Redbook digital brick wal filters. Any digital samples less than analog.

All I can say is that analog distortions do not get in the way during playback on a stereo system and perhaps enhance the playback for many. Since plain old stereo is simply attempting to reproduce live sound, and can never do it, the distortion mechanisms provided in analog "seem" to create a more realistic rendition than digital for many. I have heard redbook cd, (reference recordings label) that obviously have been mastered to "sound" different than most standard cd's. So, IMO, digital can get me there too. But I am not sure how accurate it is, but certainly more enjoyable than many cd's.

With an audiophiles system producing atleast 10% distortion when playing back music, it must be some strange combination of things that analog adds to the mix.

Tom

The one thing that stands out to me is the quality of the ambient information presentation.

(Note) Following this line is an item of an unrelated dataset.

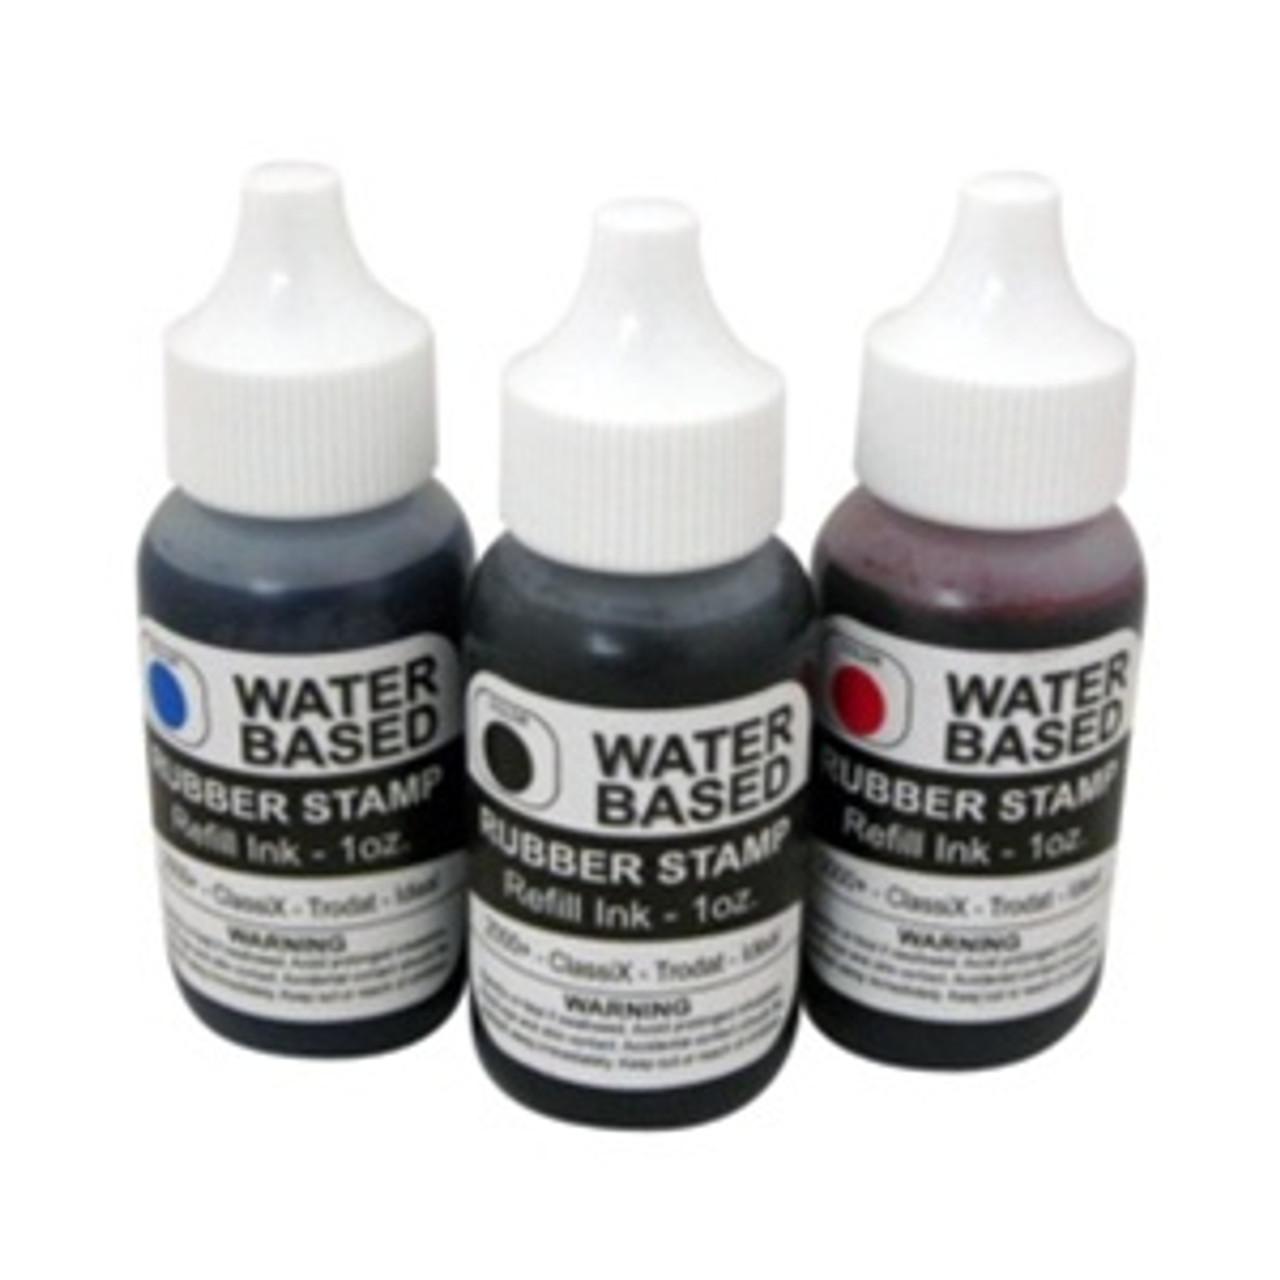 1oz. Ink Refill Bottle

Analog sounds more complete as having a boundary present. Digital sounds infinite with no boundary.....

That is the main difference that I notice. Now taking my observation into account....it's the finality or completeness that I like better. We have to remember that this is a facsimile. The 2 channel debate is a whole other topic.
 
I still don't get where you have measurements that say that total system distortion is 10% I'm looking for some facts to back up your assertion.
 
And so is reality. Unlike you, I’m not anti-high end, anti-audiophile, and anti-you can make improvements to your system. I’m not the one that stood out on the edge of a cliff on a windy day and proclaimed that for a few thousand dollars I could assemble a system of ‘pro gear’ that would beat many very high-end systems. I never thought that the ‘be all-end all’ of audio was a laptop, $1800 preamp/DAC, and a pair of ‘pro speakers’ that nose dive at 60 Hz. I think it takes a lot more than that.

I think the attitude you bring to this forum would be better suited for a forum called “What’s Barely Good Enough For You Audiophile Fools is Way Better Than What I Need” than WBF. But hey, that’s just my opinion.

Happy to see you post something that you can admit is just your opinion, Mark. We have progress.

Tim
 
Tim,

I apologise for my trial lawyer comment, I can see it can be taken as perjorative.
 
Tim,

I apologise for my trial lawyer comment, I can see it can be taken as perjorative.

No problem Roger. "Trial lawyer" is only an insult until you need one. I'm just a guy looking for a bit of intellectual honesty. A guy who actually hears real instruments, in real rooms, up close and personal all the time. I actually have that real frame of reference, that original "event" you guys talk about reproducing all the time, and I disagree with you. Disagree. That's all. That doesn't mean you have to come over to my side. I like what I like. Enjoy what you like, please. I don't doubt that what you hear in vinyl or in your third or fourth generation dubs of tape is attractive, but it is neither the "truth" or more "real." It is your preference, nothing more. Yet these debates are opened up, like a pulled scab, all the time, with the analog camp's declaration of their possession of reality, truth, naturalness, musicality, the best....any word they can find that implies accurate without coming right out and saying it. And if those of us who disagree don't just sit back and take it, someone like Mark will demean us as anti-audiophile and attack our personal choices in equipment. The analog camp could use a little humility, I think.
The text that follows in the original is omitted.